Firstly, big part of addressing it, is around checking your own attitude about it. If you approach the topic with shame and awkwardness, that kind of energy is going to leak into your discussion with a new lover. So wandering into the world of sexual health conversations needs to be done with an open and confident attitude.

 

I once heard a sexual educator share during a workshop that he had genital herpies virus in his system. As he expressed it, there was not a trace of contraction or shame in his voice or body. His face remained peaceful, his eyes still, his body relaxed. He looked at us all with confidence and kept going with his talk.

 

I must say – I was impressed!

 

Do you think that anybody judged him for his confession? No! Not a person in the room felt uncomfortable or put off by his words.

 

And that’s very important to remember – your own energy around the topic will set the tone for the chat with your new partner. If you approach the conversation with confidence and a relaxed attitude, they’re very likely to follow your lead. And if you speak your words with embarrassment, they’re likely to feel uncomfortable as well.

 

But the truth is that STDs are a part of life and are more common than you might think. In many cases, it’s also very difficult to protect yourself from them as condoms aren’t always 100% reliable. Being aware of the state of your own sexual health is crucial and regular checks allow you to address any issues early.

 

So once you’re clear on your own sexual health situation, it’s important to check in with your new lover. And I would definitely have that conversation BEFORE you actually move into the bedroom. Whenever it’s becoming obvious that both of you are intending to get intimate, it’s important to first sit down together and ask a few questions.

 

And in terms of an actual structure of the conversation, here’s a template you can use:

 

“If that’s ok with you, I’d really like to have a sexual health conversation with you.

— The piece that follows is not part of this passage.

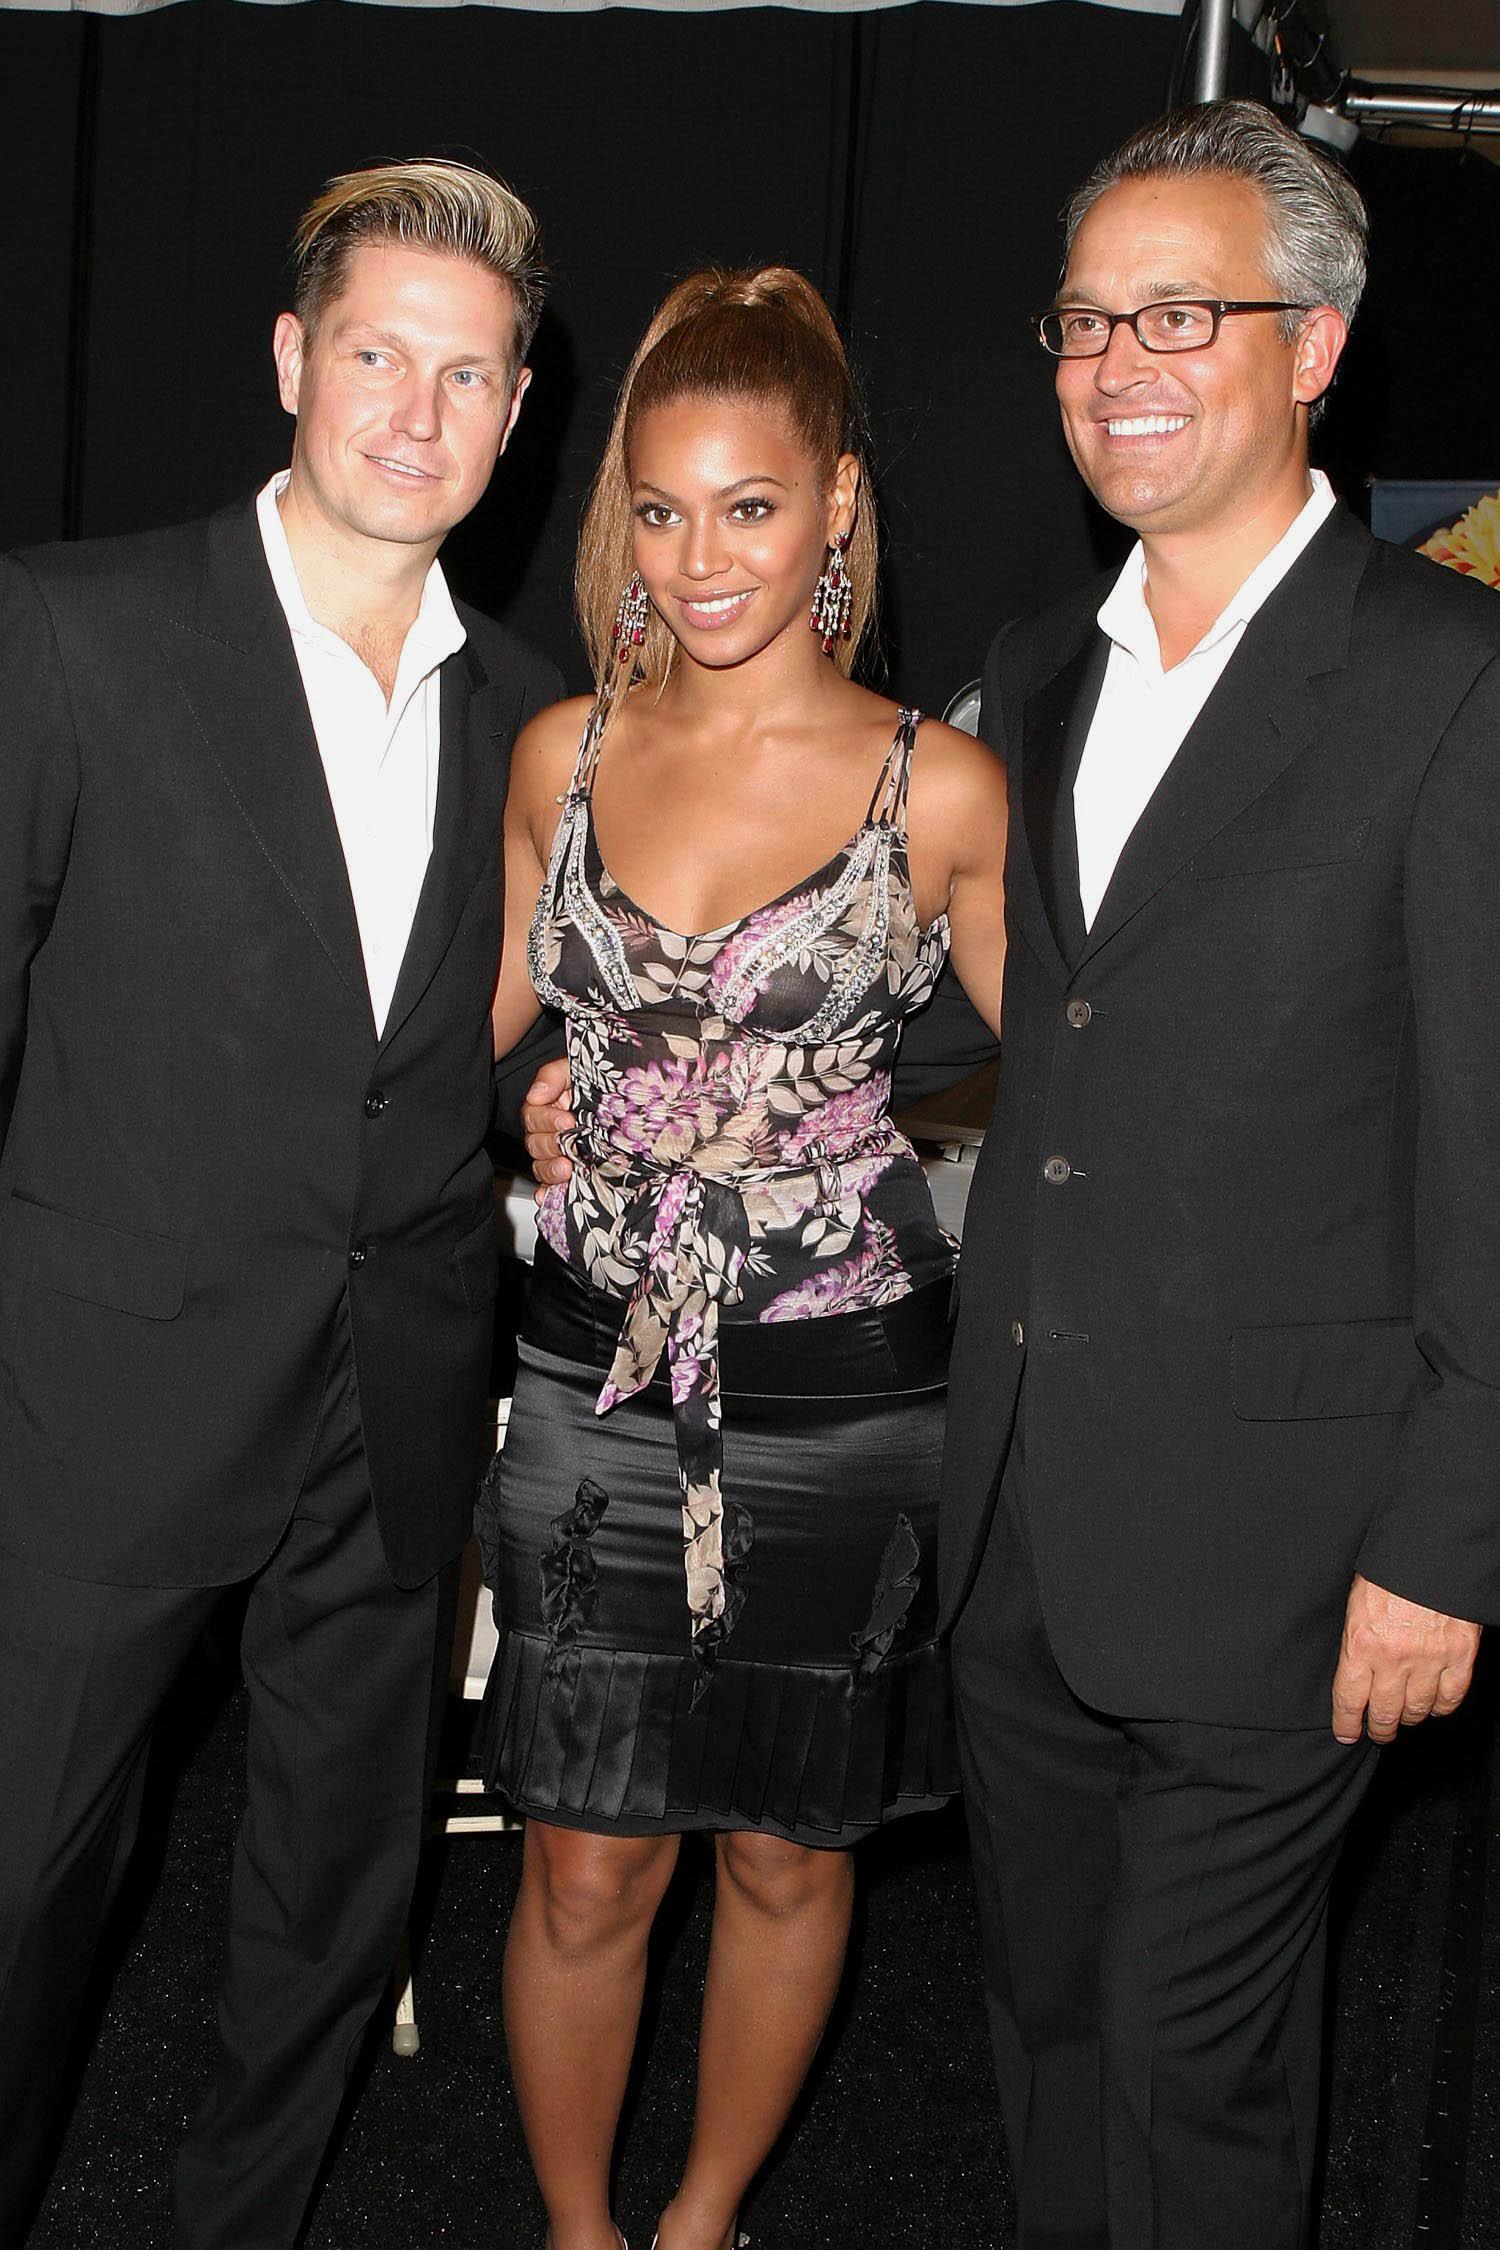 James Mischka, Beyonce Knowles and Mark MischkaBADGLEY MISCHKA SHOW FOR SPRING / SUMMER 2004, NEW YORK FASHION WEEK, AMERICA - 16 SEP 2003
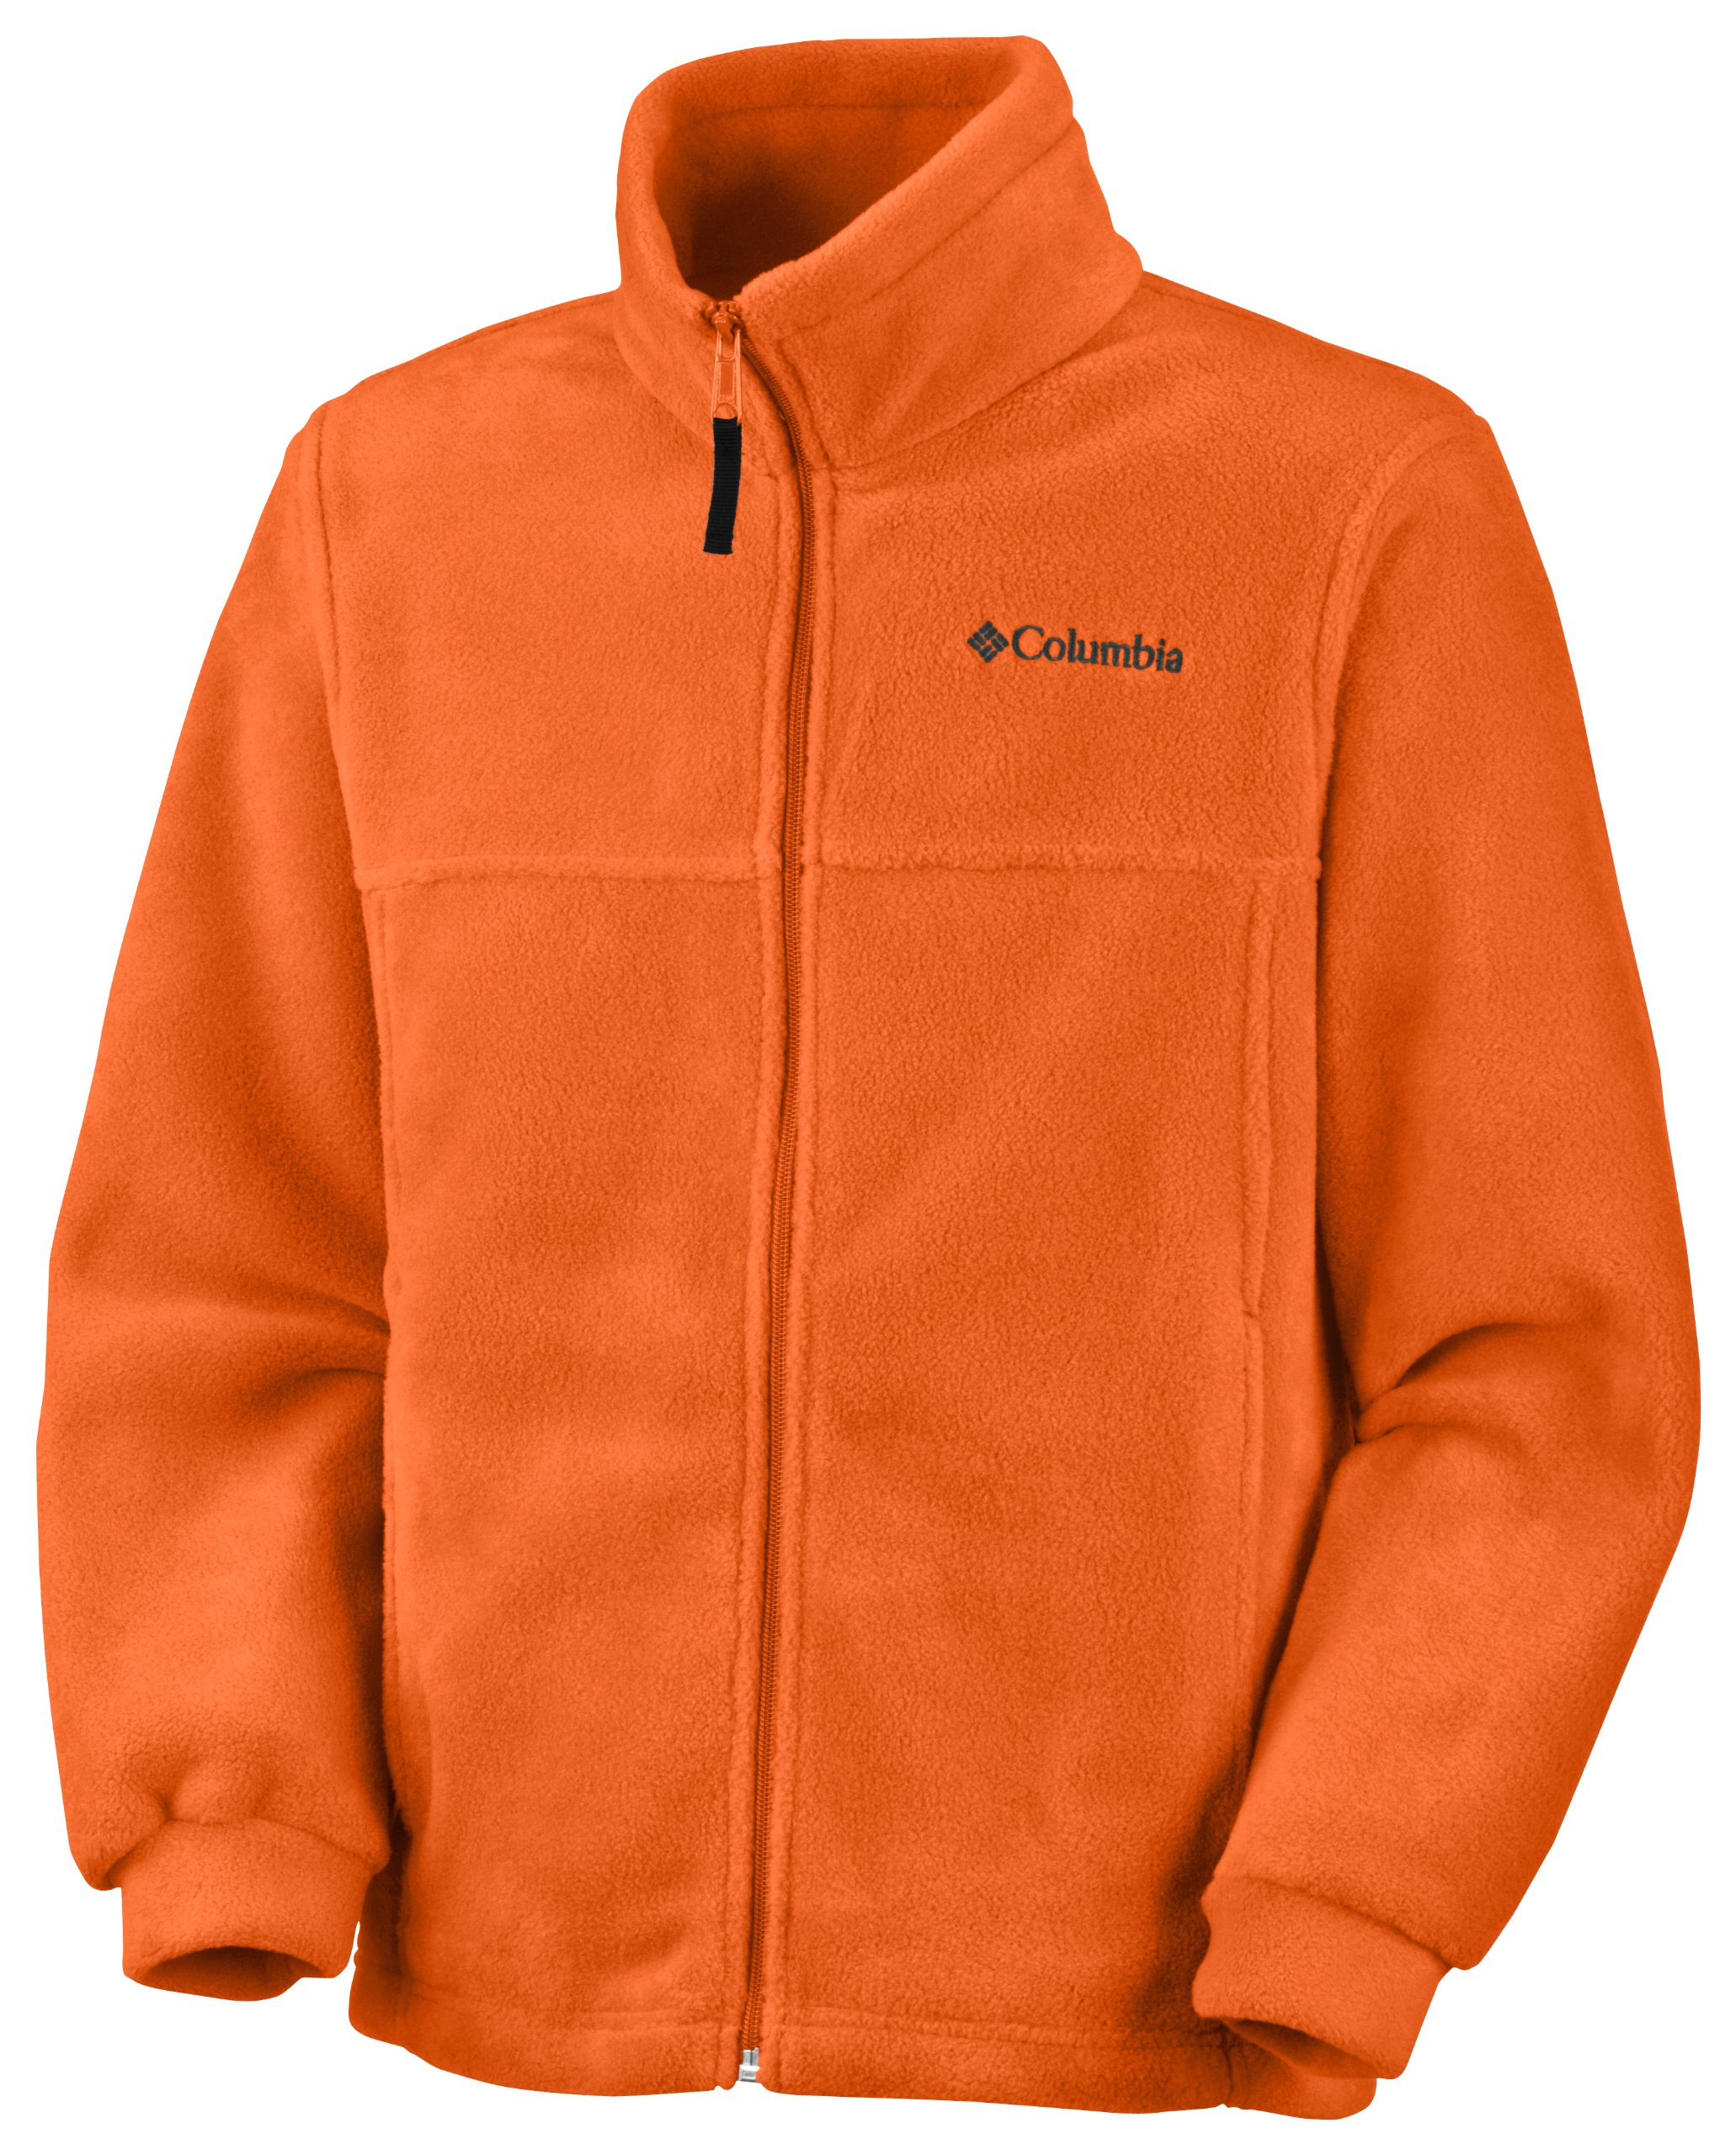 Columbia Steens Mountain Fleece Jacket - Boys' Heatwave, 14/16

My situation is… (disclose the current state of your sexual health).

My last sexual health check was…

And for protection, I would like us to use…”

 

Next invite your lover to share the same.

 

Remember – there’s no humiliation in catching an STD. And the medicine advances mean that many of them are 100% treatable. But the most scary and painful of them all is shame itself. So let it go and take care of your health in the bedroom!